(iii)Share Exchanges, Reclassifications, Mergers and Consolidations and Other Transactions.Any consummation of a binding share exchange or reclassification involving the Series G, or of a merger or consolidation of the Corporation with another corporation or other entity, or any merger or consolidation of the Corporation with or into any entity other than a corporation, unless in each case (x) the shares of Series G remain outstanding or, in the case of any such merger or consolidation with respect to which the Corporation is not the surviving or resulting corporation are converted into or exchanged for preference securities of the surviving or resulting corporation, and (y) such shares remaining outstanding or such preference securities, as the case may be, have such rights, preferences, privileges and voting powers, and limitations and restrictions thereof as would not require a vote of the holders of the Series G pursuant to clause (i) or (ii) above if such change were effected by an amendment of the certificate of incorporation.
If any amendment, alteration, repeal, share exchange, reclassification, merger or consolidation specified in this Section 7(c) would adversely affect the Series G and one or more but not all other series of preferred stock in substantially the same manner, then only the Series G and such series of preferred stock as are adversely affected by and entitled to vote on the matter shall vote on the matter together as a single class in proportion to their respective stated amounts (in lieu of all other series of preferred stock).
(d)Changes for Clarification.Without the consent of the holders of Series G, so long as such action does not adversely affect the rights, preferences, privileges and voting powers, and limitations and restrictions thereof, the Series G, the Corporation may amend, alter, supplement or repeal any terms of the Series G:
(i) to cure any ambiguity, or to cure, correct or supplement any provision contained in this amendment that may be defective or inconsistent; or
(ii) to make any provision with respect to matters or questions arising with respect to the Series G that is not inconsistent with the provisions of this amendment.

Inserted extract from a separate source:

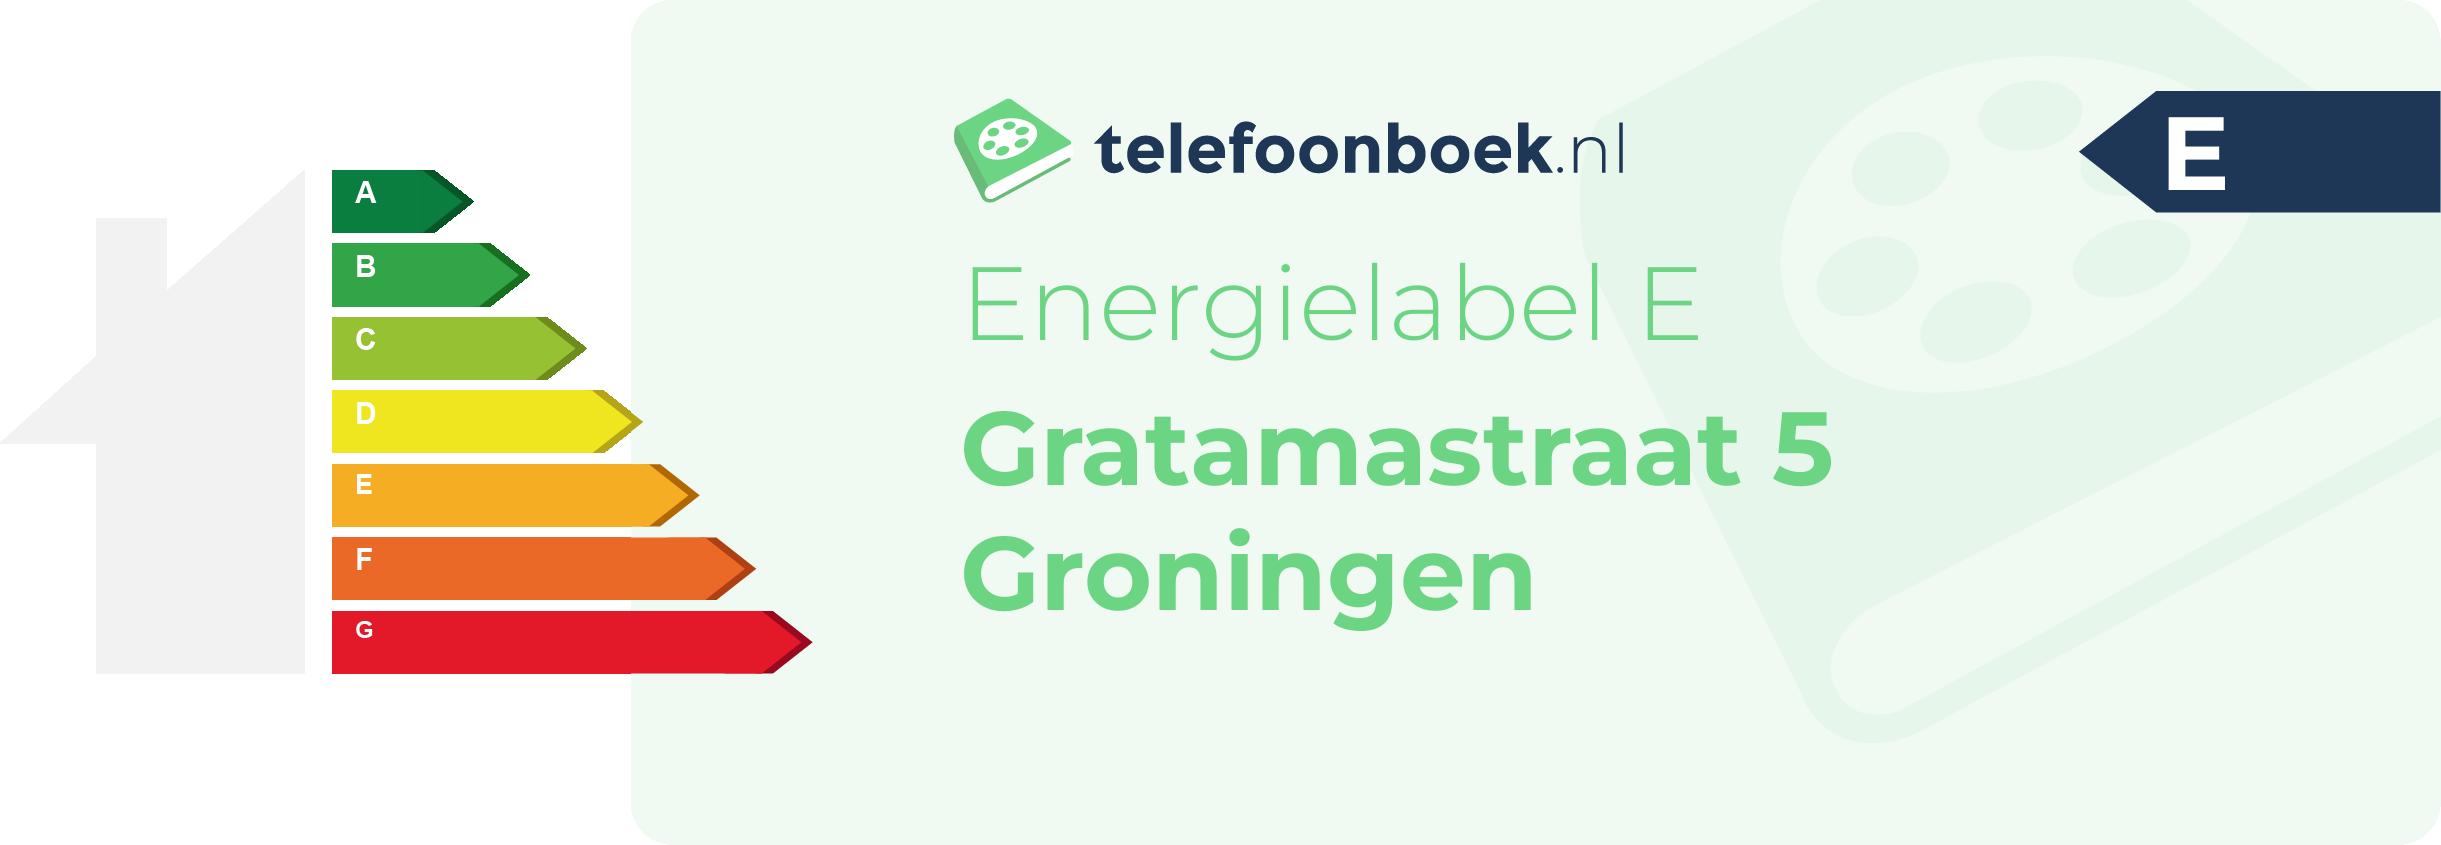 Energielabel Gratamastraat 5 Groningen

(e)Changes after Provision for Redemption.No vote or Consent of the holders of Series G shall be required pursuant to Section 7(b) or (c) above if, at or prior to the time when any such vote or consent would otherwise be required pursuant to such Section, all outstanding shares of Series G shall have been redeemed, or shall have been called for redemption upon proper notice and sufficient funds shall have been set aside for such redemption, in each case pursuant to Section 6(e) above.

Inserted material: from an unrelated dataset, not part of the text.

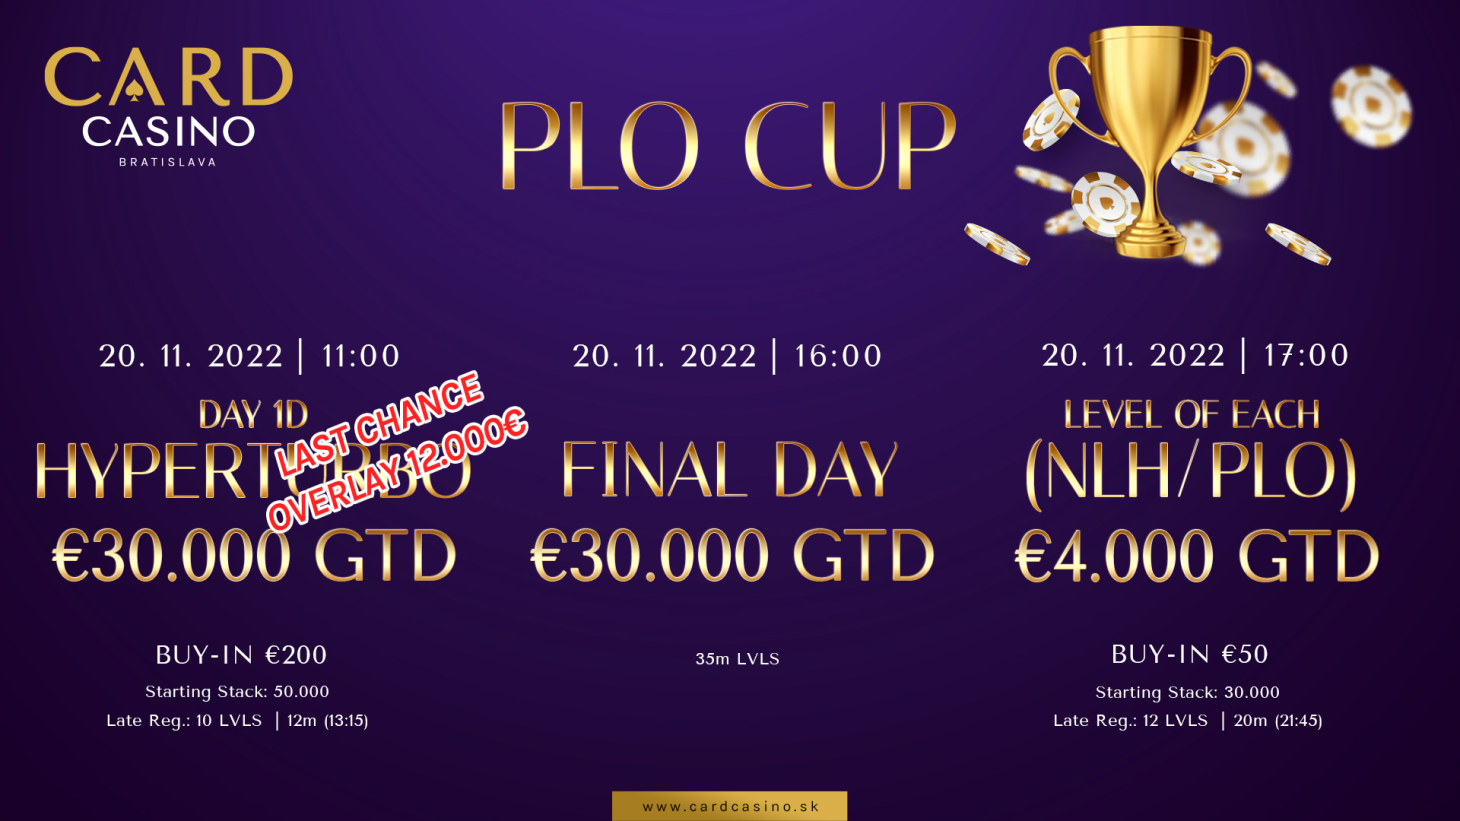 Der PLO Cup OVERLAY mit €12.000 GTD

Section 8. Record Holders.To the fullest extent permitted by applicable law, the Corporation and the transfer agent for the Series G may deem and treat the record holder of any share of Series G as the true and lawful owner thereof for all purposes, and neither the Corporation nor such transfer agent shall be affected by any notice to the contrary.
Section 9. Notices.All notices or communications in respect of the Series G shall be sufficiently given if given in writing and delivered in person or by first class mail, postage prepaid, or if given in such other manner as may be permitted herein, in the certificate of incorporation or bylaws or by applicable law.

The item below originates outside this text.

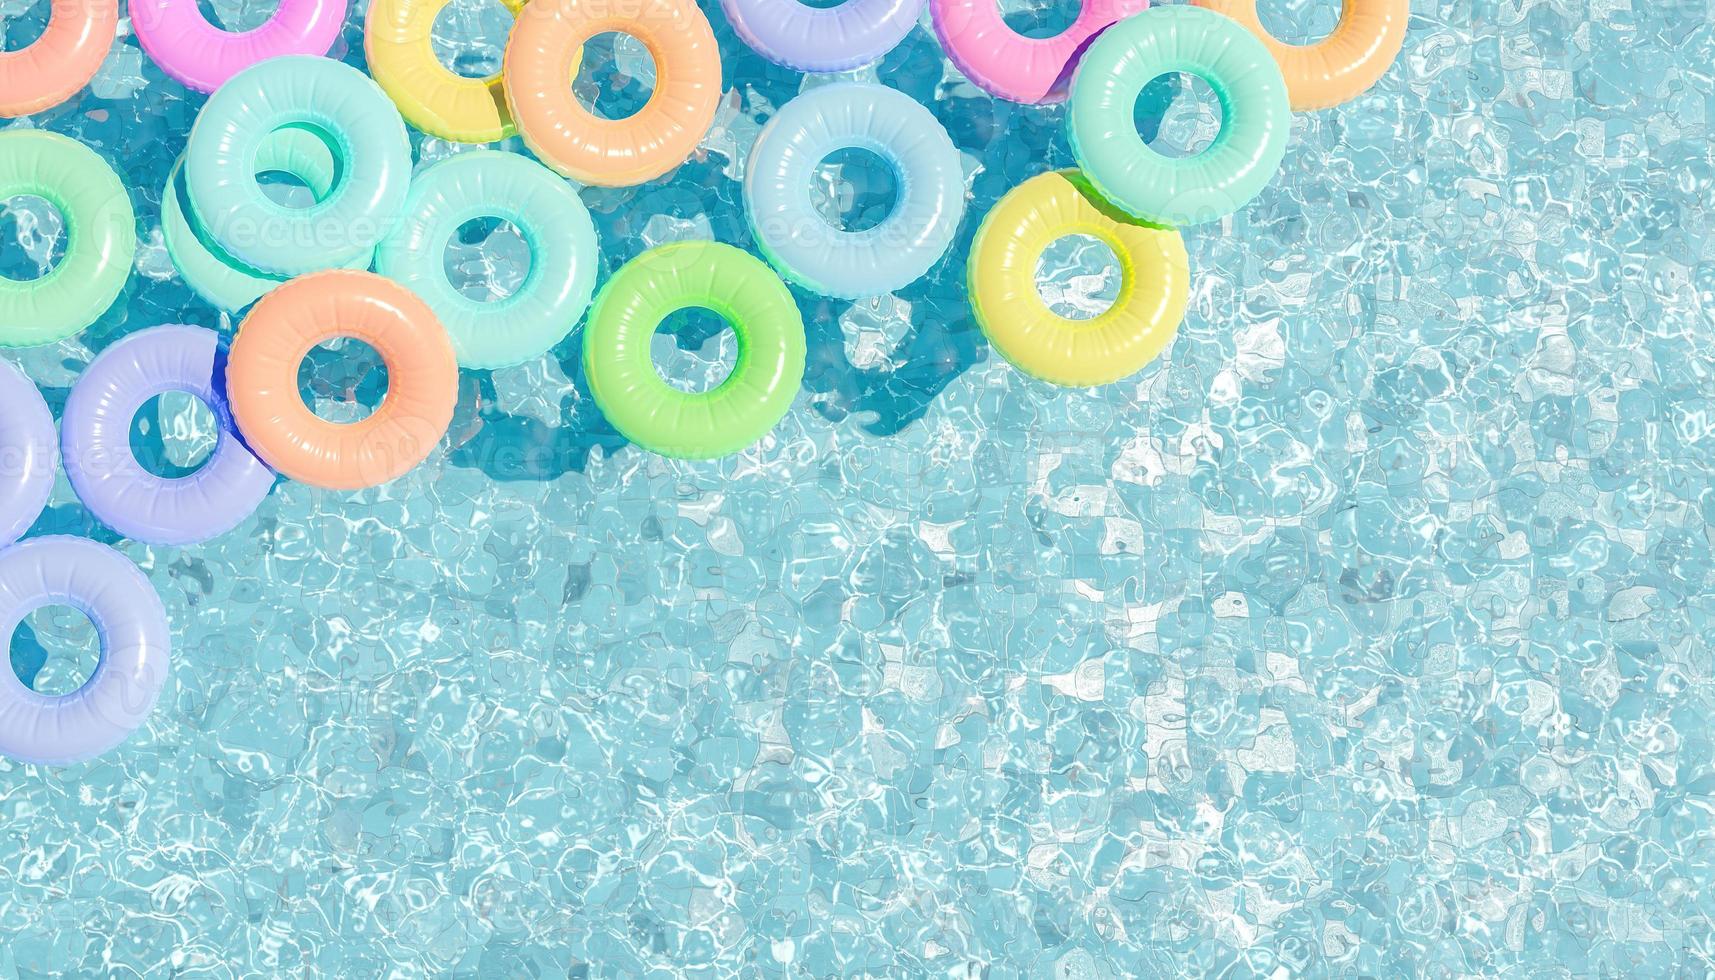 Vue de dessus de la piscine avec beaucoup de flotteurs de couleur pastel, rendu 3d photo

Section 10. Other Rights.The shares of Series G shall not have any voting powers, preferences or relative, participating, optional, preemptive or other special rights, or qualifications, limitations or restrictions thereof, other than as set forth herein or in the certificate of incorporation of the Corporation. The holders of Series G shall not have any rights to convert such Series G into, or exchange such Series G for, shares of any other class of capital stock of the Corporation.
Section 11. Certificates.The Corporation may at its option issue shares of Series G without certificates.
(5) This amendment to the certificate of incorporation of the Corporation was authorized, pursuant to sections 502 and 803(a) of the Business Corporation Law, by the vote of the Board of Directors or a duly authorized committee thereof. The certificate of incorporation of the Corporation provides that the Board of Directors or a duly authorized committee thereof may fix the designation of a series of preferred stock, and may establish all relative rights, preferences and limitations pertaining to such series without the approval of the stockholders of the Corporation.